Microsoft VASA-1: Windows maker Microsoft, in its research blog post, detailed an AI model Visual Affective Skills Audio (VASA-1), which can generate lifelike faces using a single image and audio clip. Apart from clean lip movement to sync with the audio, it can also capture a varying spectrum of facial cues and head movements to mimic liveliness and authenticity. It supports media generation of up to one-minute 512x512 resolution videos at up to 45 frames per second.

While the videos have an initial latency (170ms), it does offer a range of possibilities to emulate conversational behaviour via lifelike AI avatars. Microsoft shared a range of output generated using StyleGAN2 or DALL·E-3 and said it is only a demonstration for research purposes.
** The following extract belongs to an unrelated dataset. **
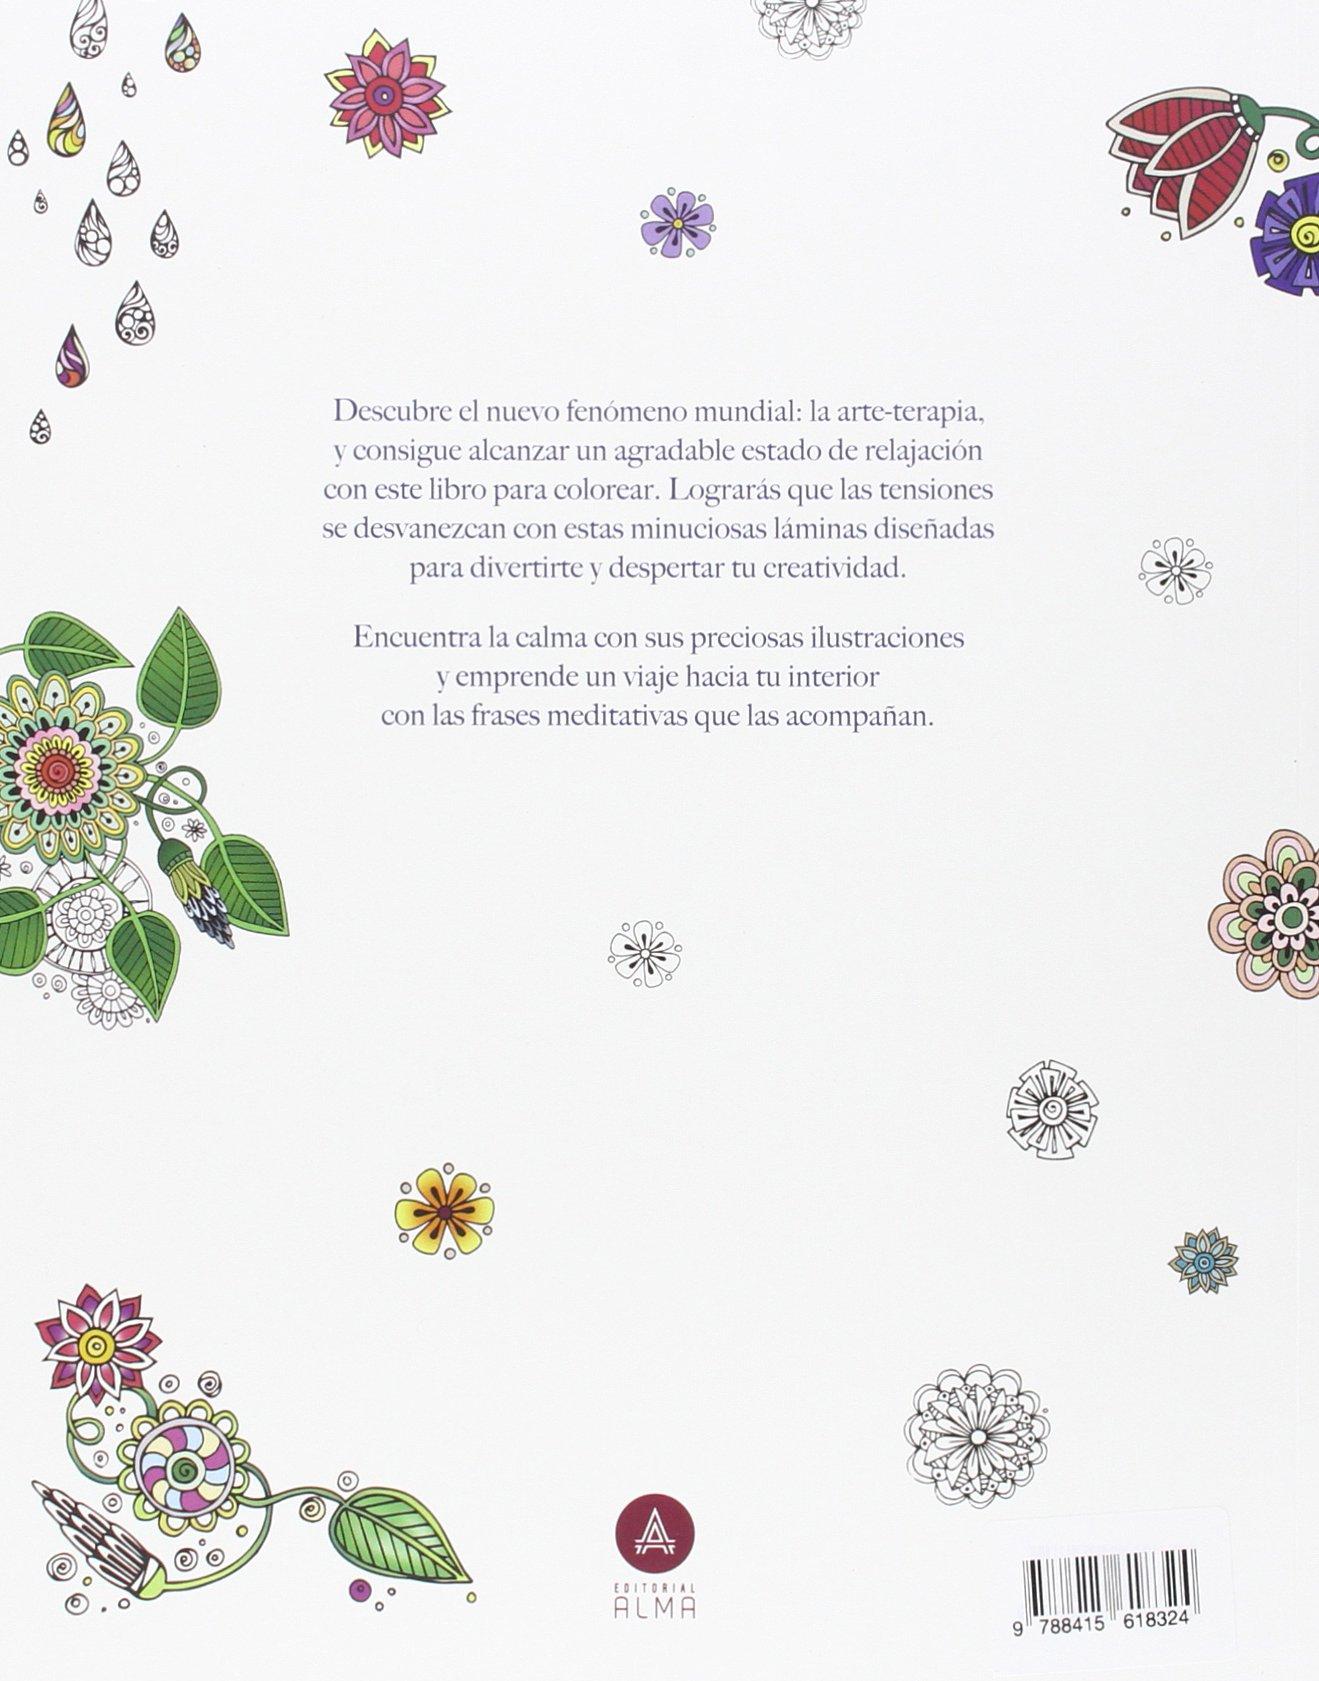 Arte-terapia: Inspiraciones creativas para colorear (Spanish Edition ...

Also Read: Google Researchers Introduce Multimodal AI Tool 'VLOGGER' That Can Generate Realistic Videos Of A Person Using Just One Image; Details

"Our method is capable of not only producing precious lip-audio synchronisation, but also generating a large spectrum of expressive facial nuances and natural head motions," Microsoft said. It uses audio output to generate talking face videos. The diffusion model can accept other signals while generating output, including "eye gaze direction, head distance and emotion offsets". Here are a few examples shared by Microsoft floating on X (formerly called Twitter).

1.

2.

3.

4.

5.

Microsoft also shared that it can also handle artistic photos to portray them as singing songs and speaking in a non-English language. It can disentangle 3D head pose and facial dynamics to enable attribute controls and editing for the output. Here is an example shared by Microsoft evaluated on a desktop with an NVIDIA RTX 4090 GPU:

(Video Source:Microsoft Research)

Microsoft highlighted its use cases in communication, education, healthcare and other diverse domains. While highlighting the limitations, the company noted that the model can only process output up to the torso. Another notable challenge is the lack of involvement with elements like hair and clothing.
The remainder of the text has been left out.